● **Work request**
Print, please, exactly the lines from the one with "tuscany-italy-montepulciano-travel-blogger-19" through the final line of the data below, with both ends included and the pictures left out.

● **Data**
● ● ● ● ●
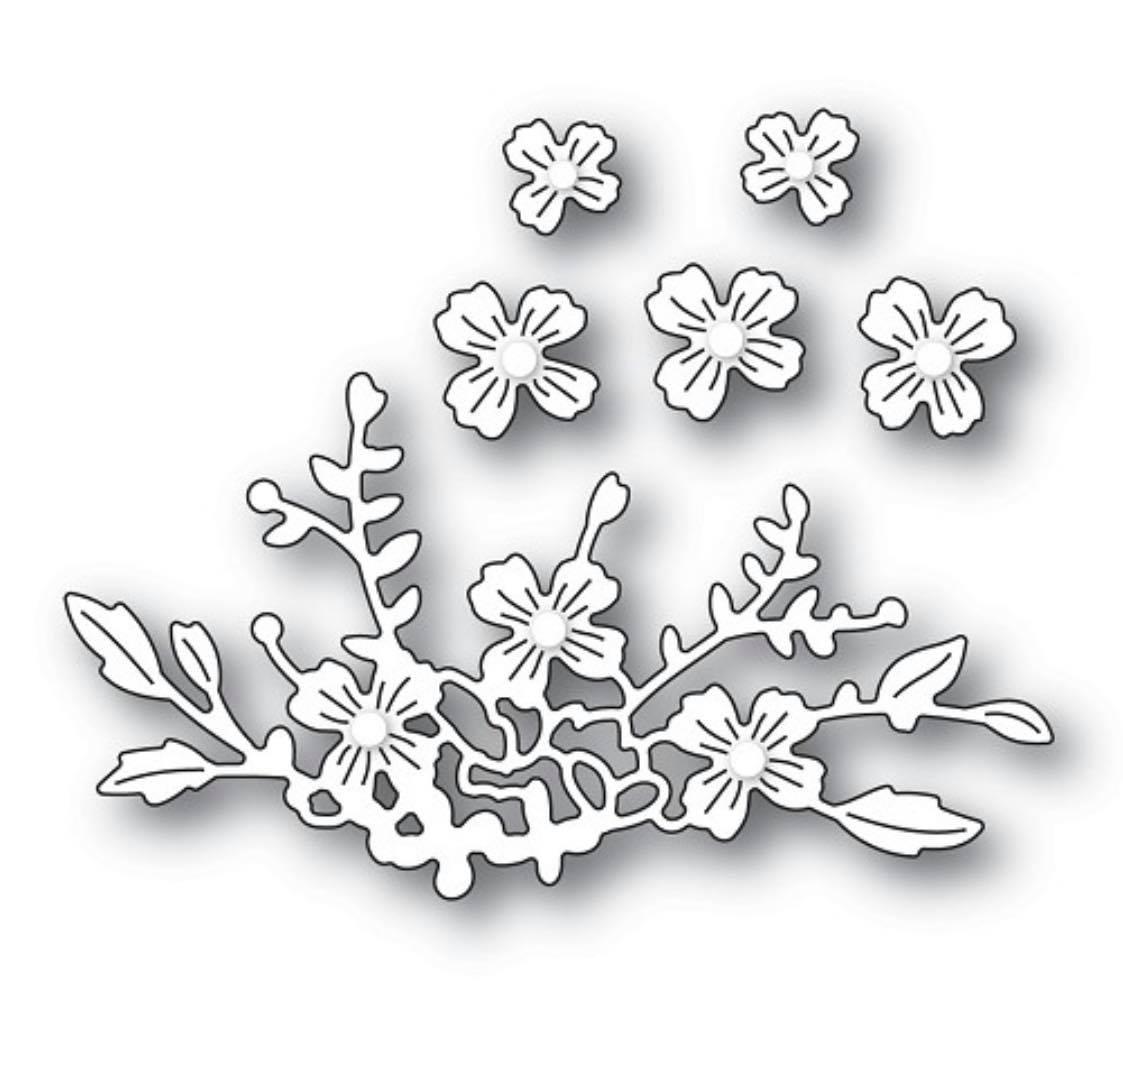 Poppy Stamps - Floral Cluster Die
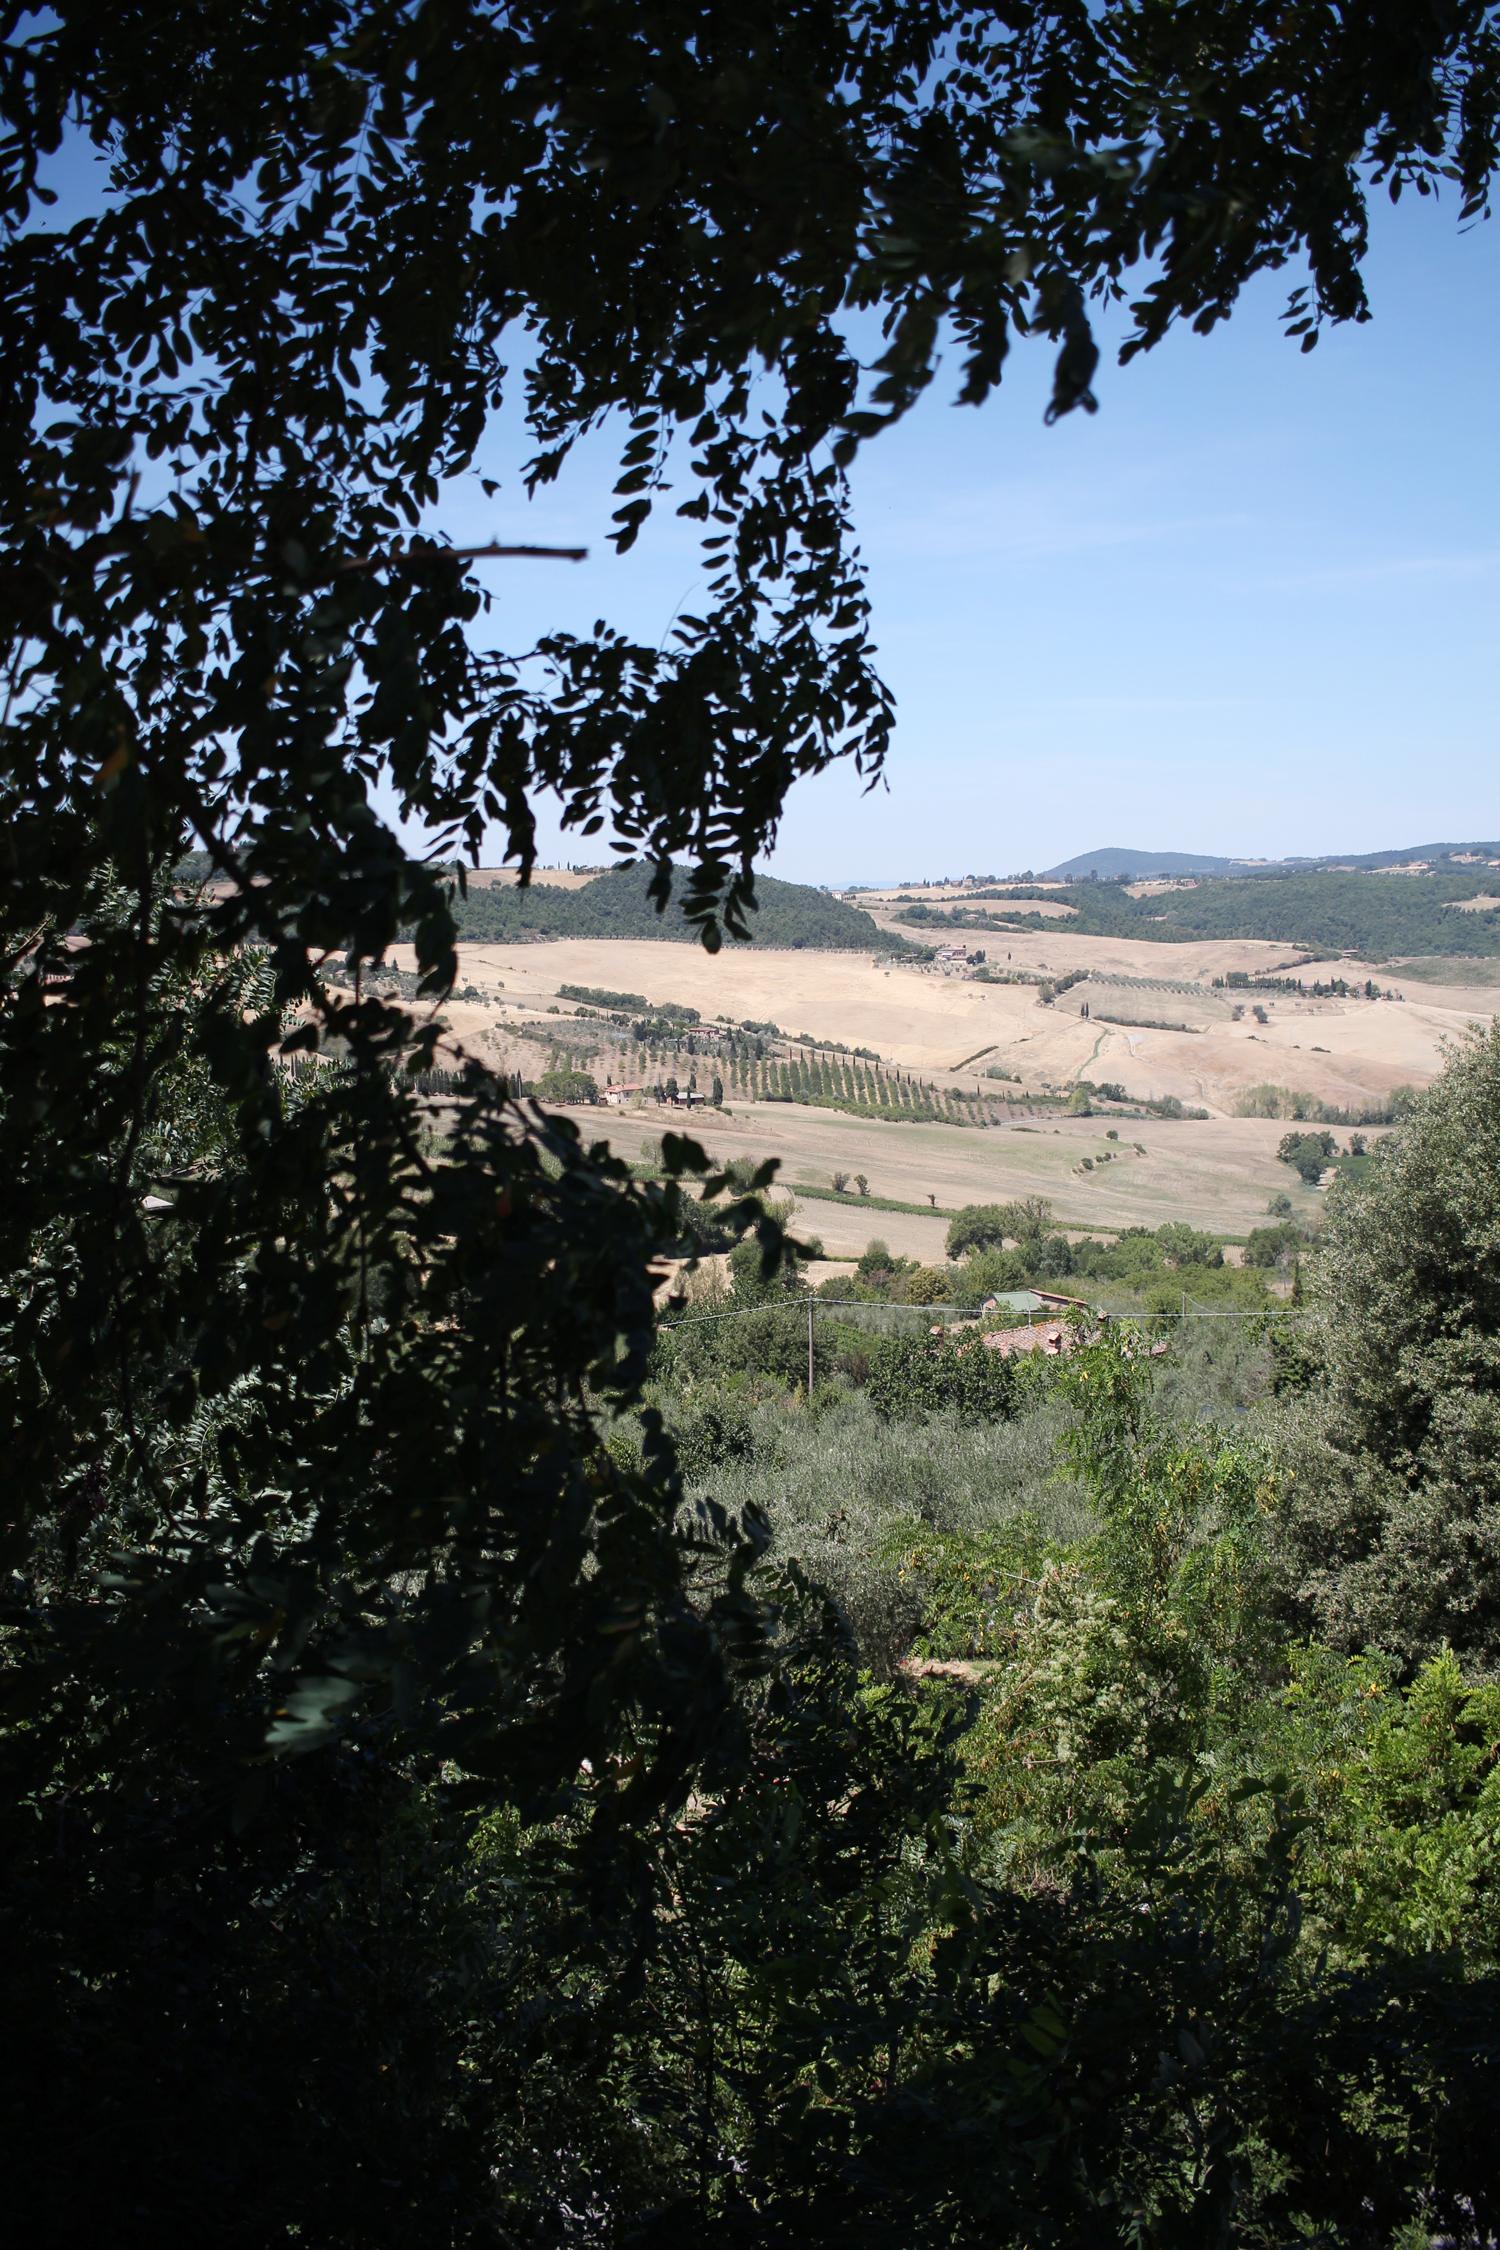 tuscany-italy-montepulciano-travel-blogger-19
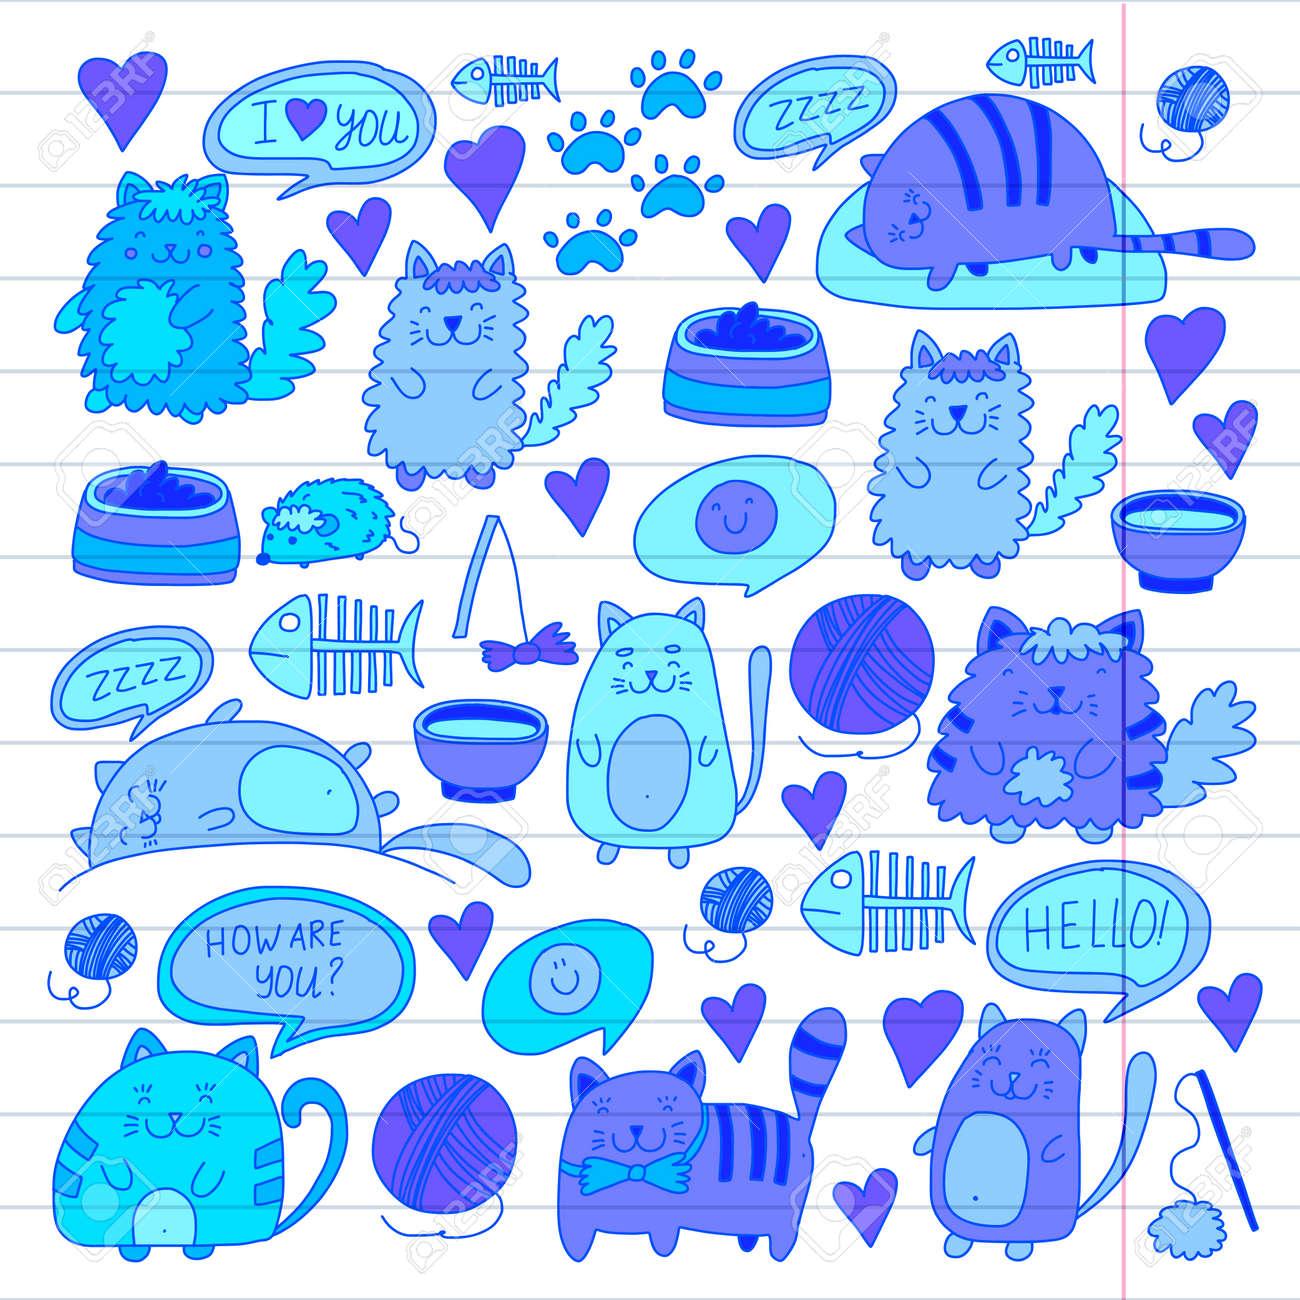 Chats Vecteur Domestique Mignon Kawaii Chatons Style Japonais Kawaii Chats De Bande Dessinée Jouant Illustratrion Pour Animalerie Vétérinaire
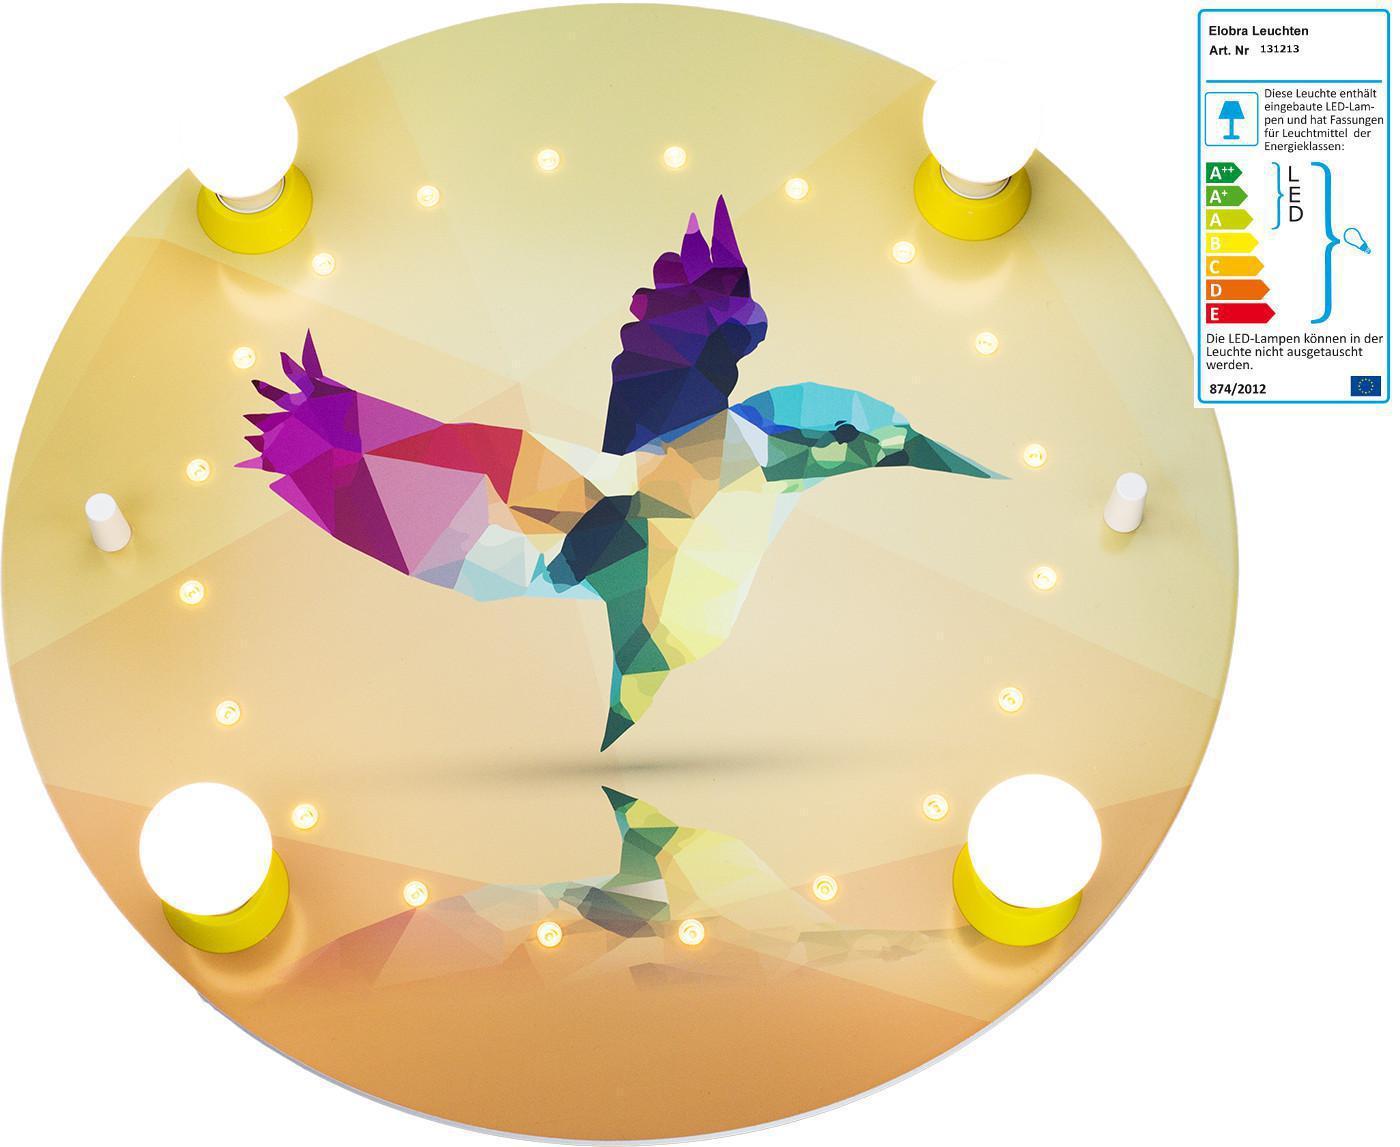 elobra led deckenlampe kolibri gelb elobra kinderleuchten im kinderlampenland. Black Bedroom Furniture Sets. Home Design Ideas
● ● ● ● ●
● **Solution to this problem**
 tuscany-italy-montepulciano-travel-blogger-19
 Chats Vecteur Domestique Mignon Kawaii Chatons Style Japonais Kawaii Chats De Bande Dessinée Jouant Illustratrion Pour Animalerie Vétérinaire
 elobra led deckenlampe kolibri gelb elobra kinderleuchten im kinderlampenland. Black Bedroom Furniture Sets. Home Design Ideas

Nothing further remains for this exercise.